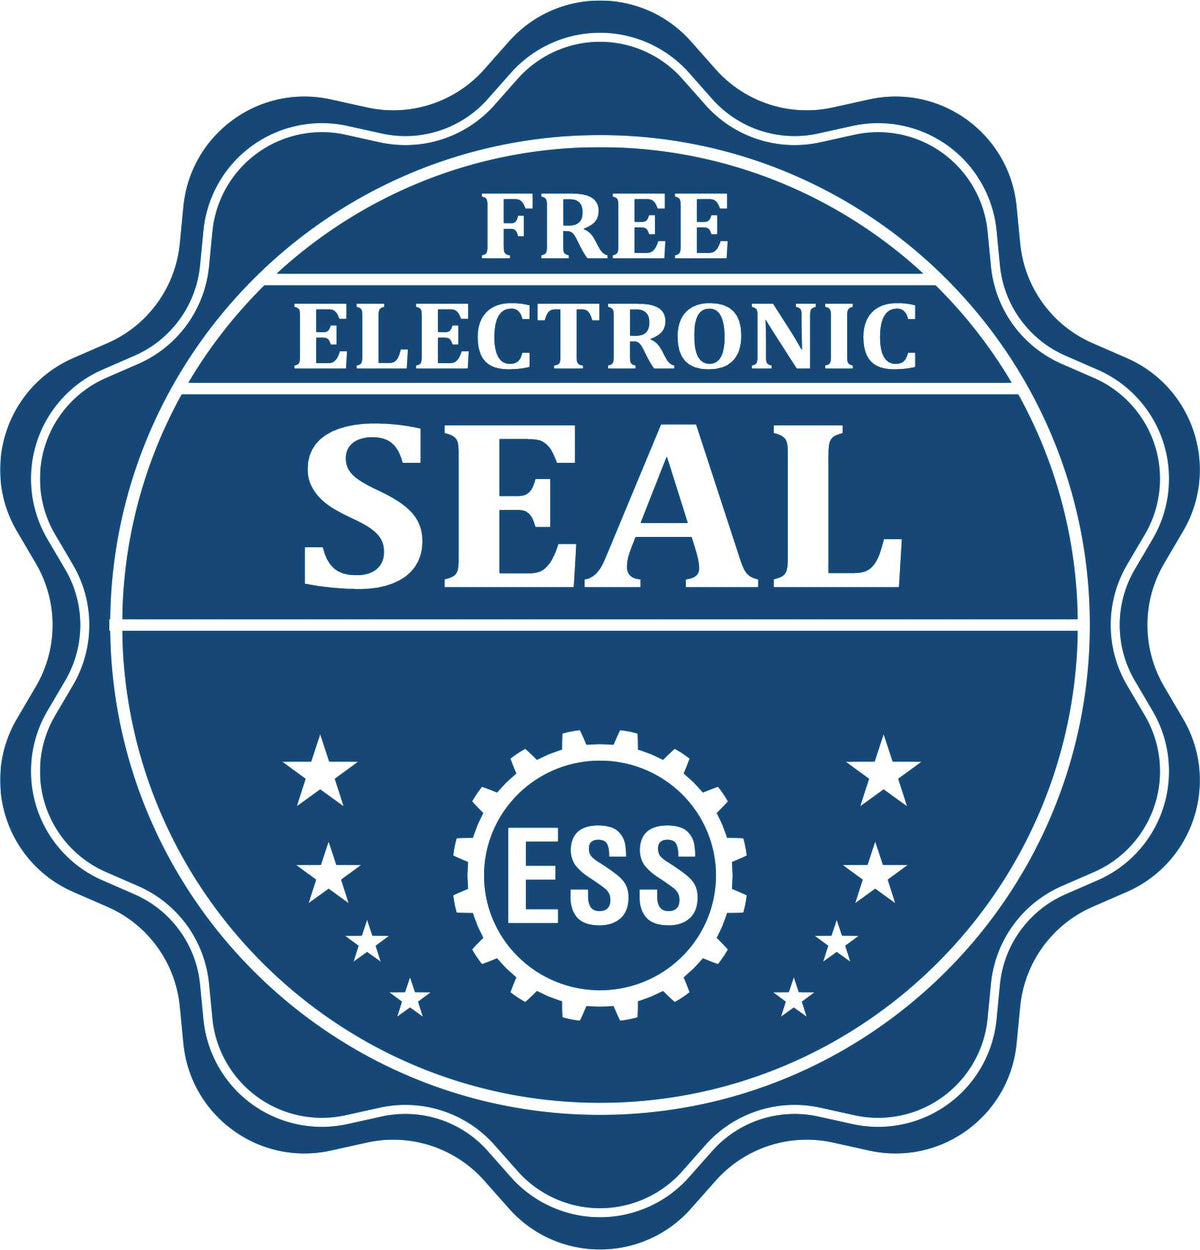 A badge showing a free electronic seal for the Premium MaxLight Pre-Inked Maine Geology Stamp with stars and the ESS gear on the emblem.
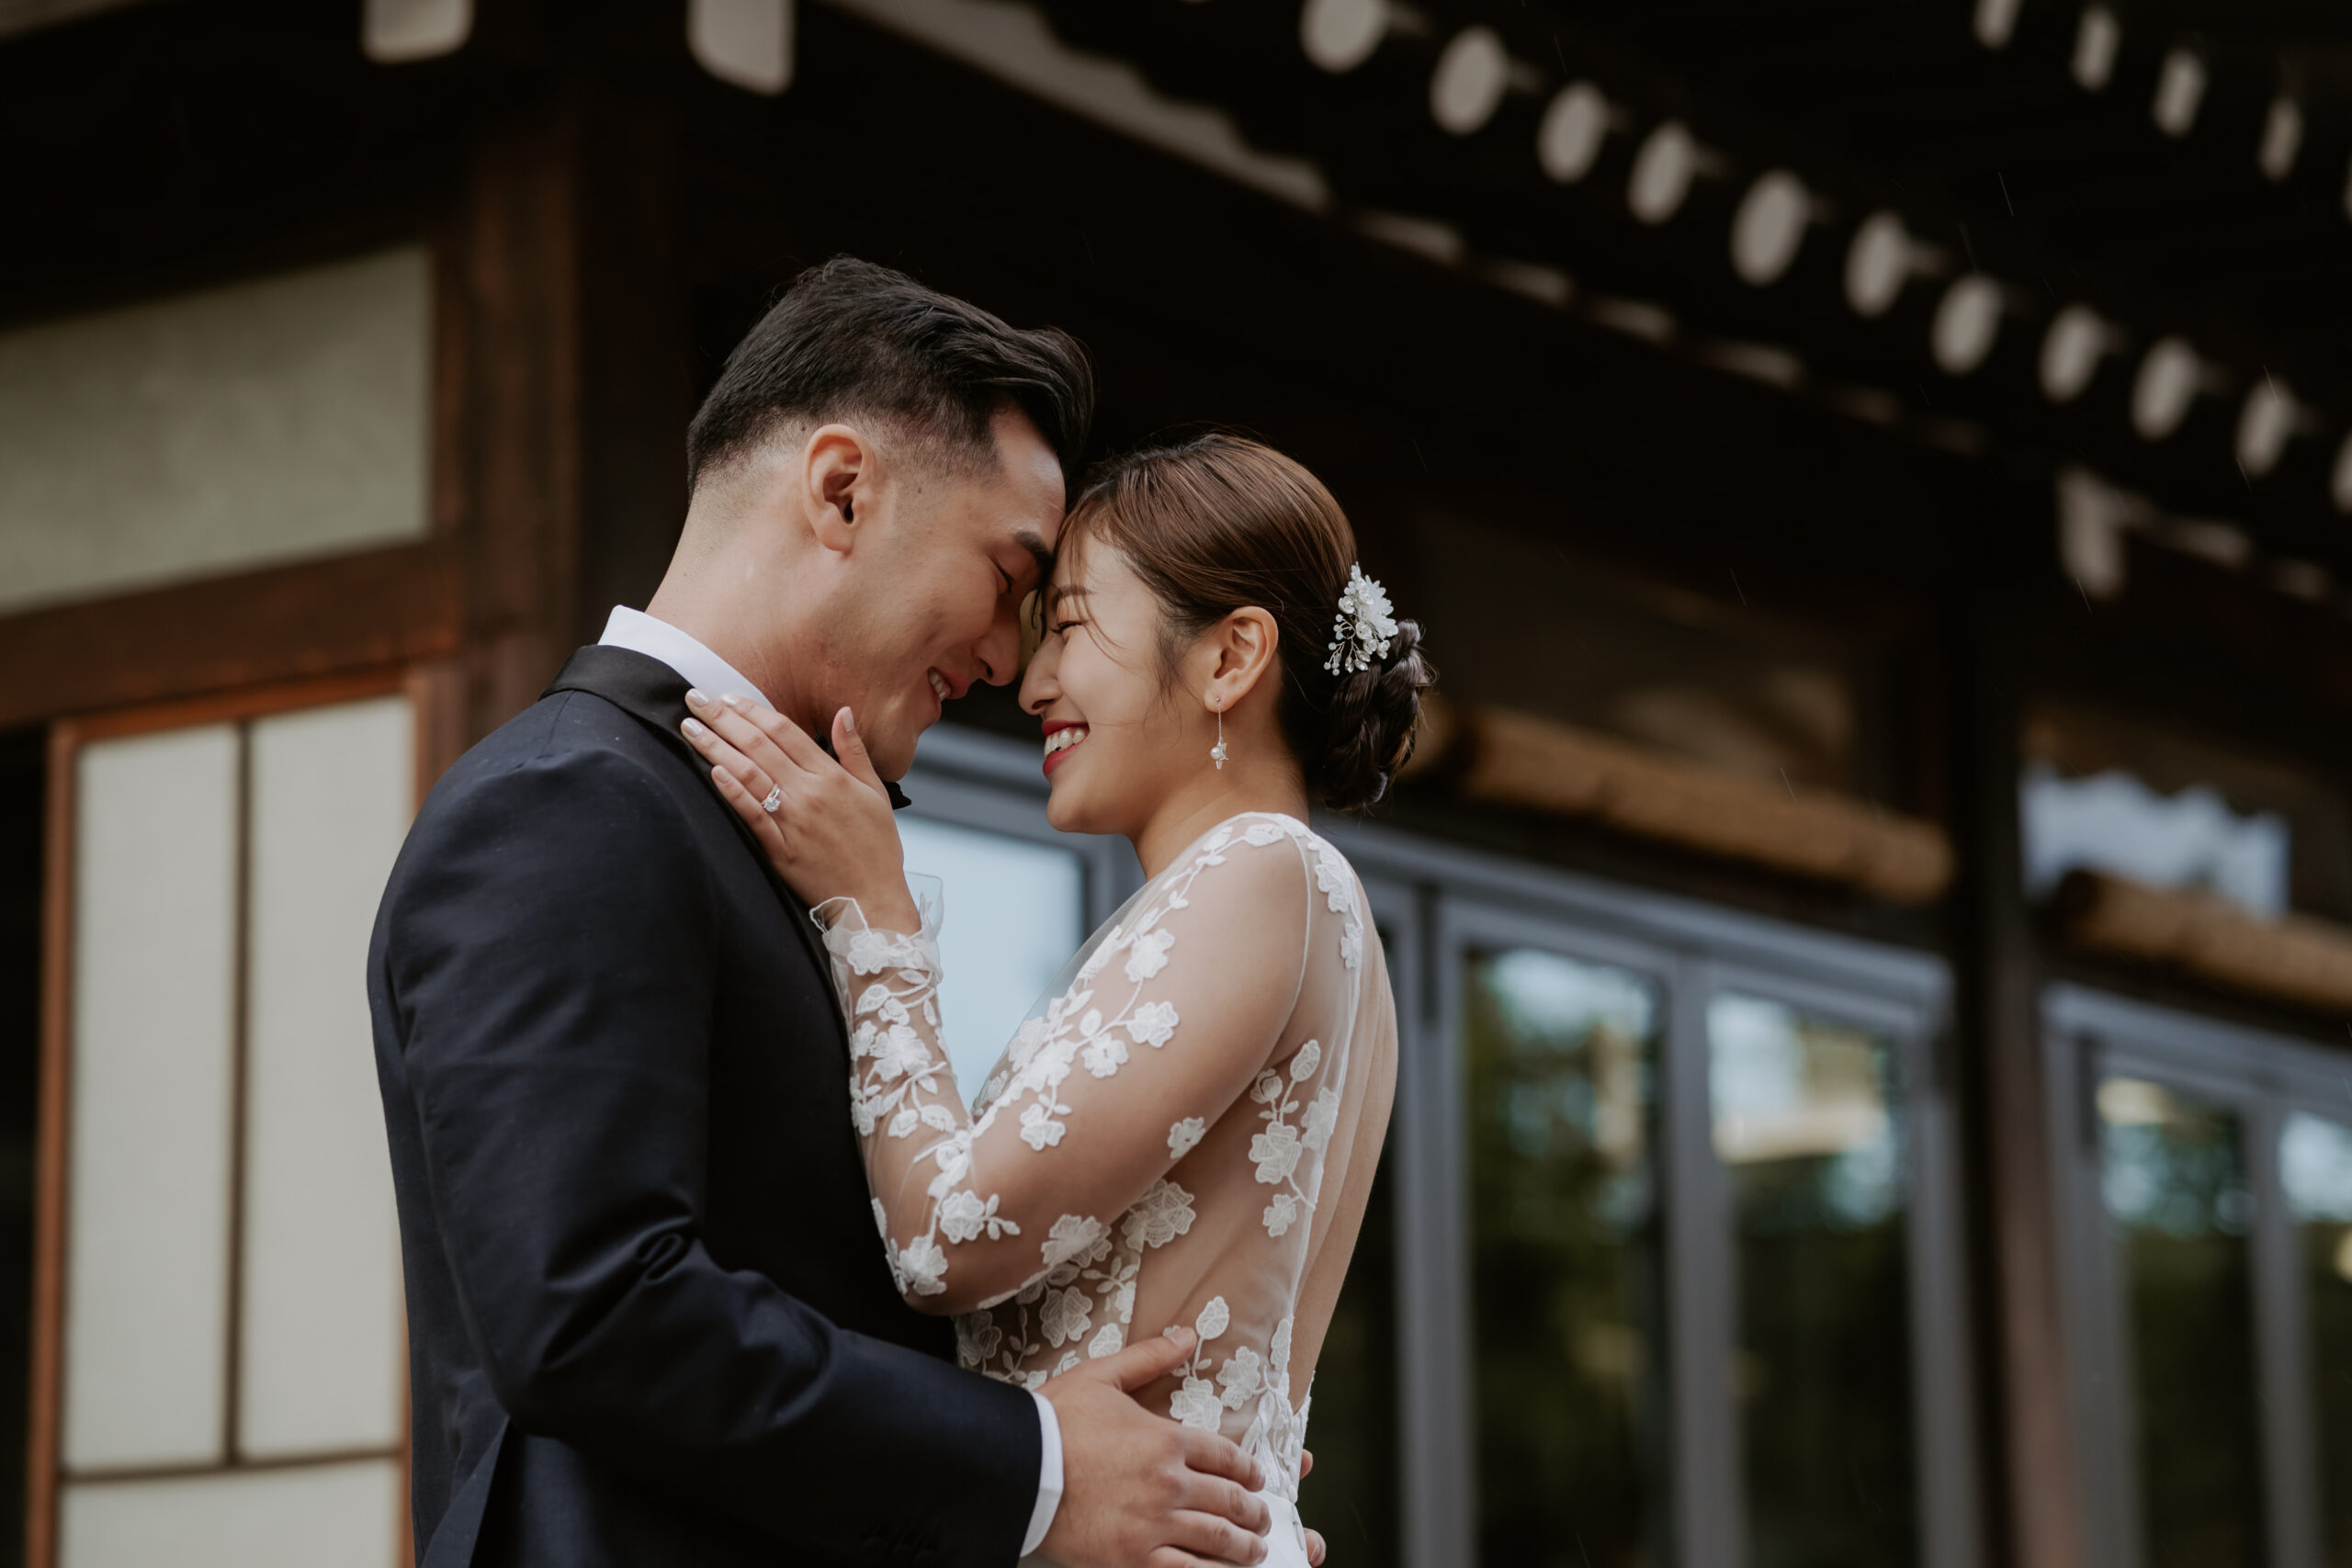 A bride and groom celebrate their wedding at a hanok house venue in Seoul
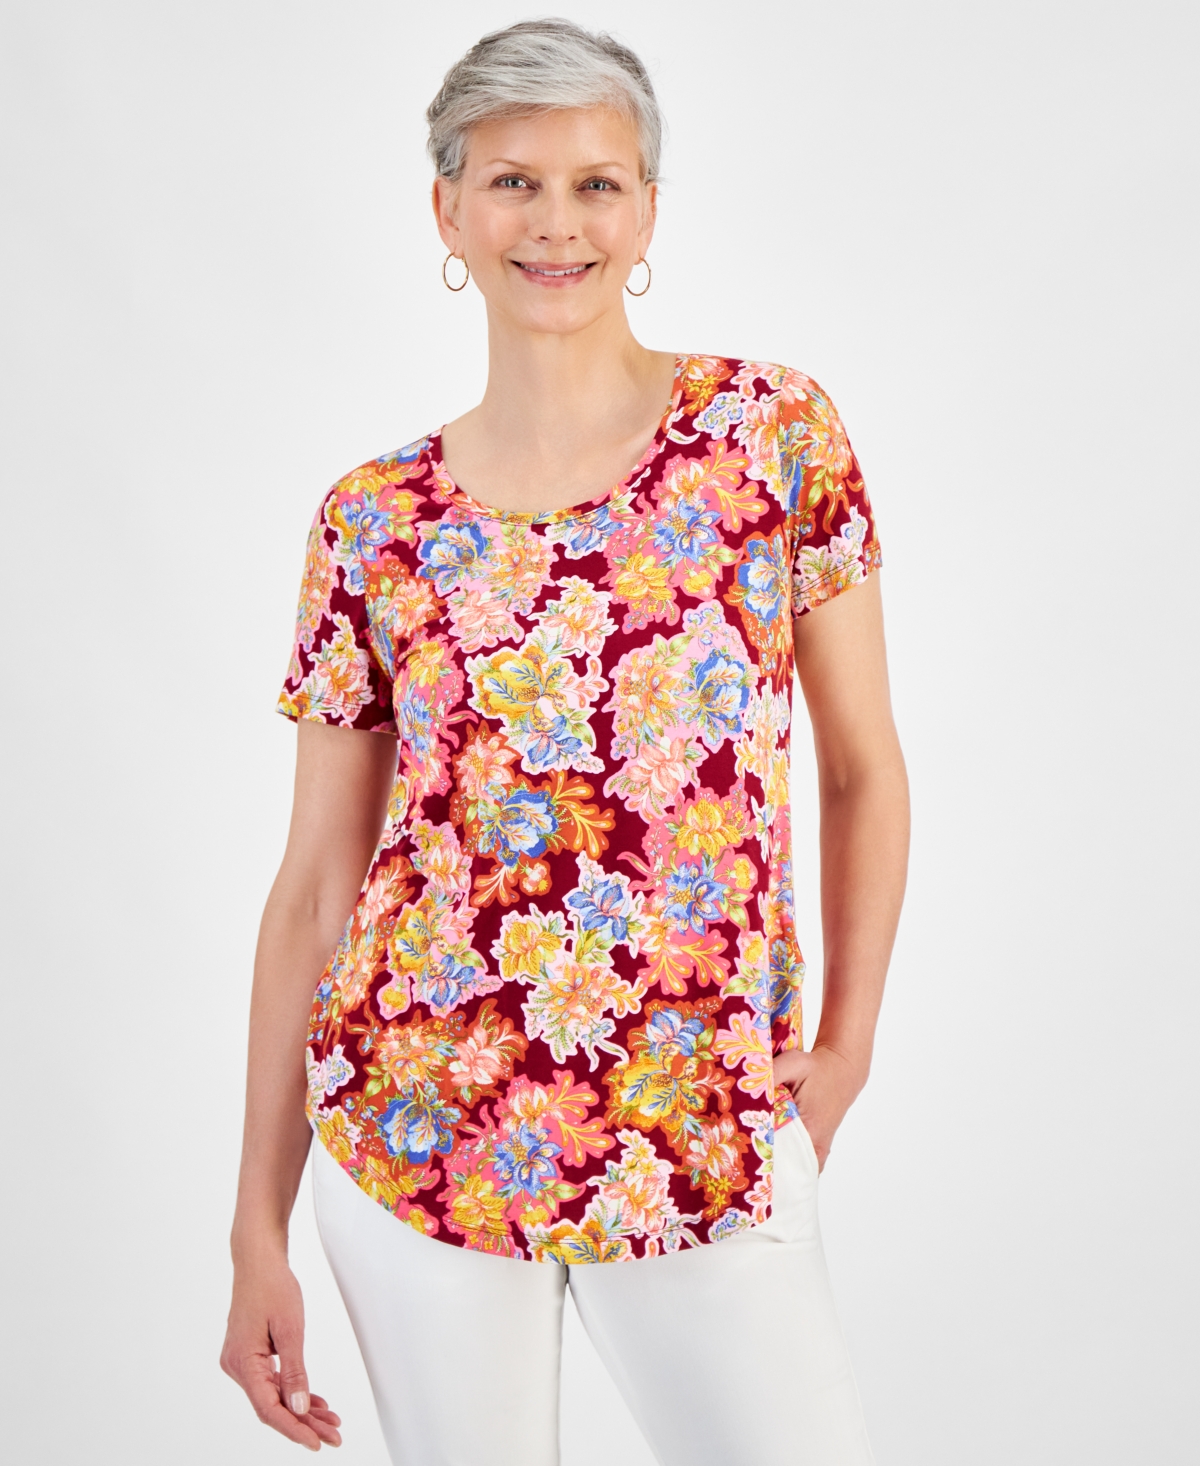 Petite Glorious Garden Scoop-Neck Top, Created for Macy's - Ruby Slippers Combo

* * * * *

• Work task:
The required output is each line above restated verbatim, with all images omitted.

• Solved exercise:
 A badge showing a free electronic seal for the Premium MaxLight Pre-Inked Maine Geology Stamp with stars and the ESS gear on the emblem.
 A bride and groom celebrate their wedding at a hanok house venue in Seoul
 Petite Glorious Garden Scoop-Neck Top, Created for Macy's - Ruby Slippers Combo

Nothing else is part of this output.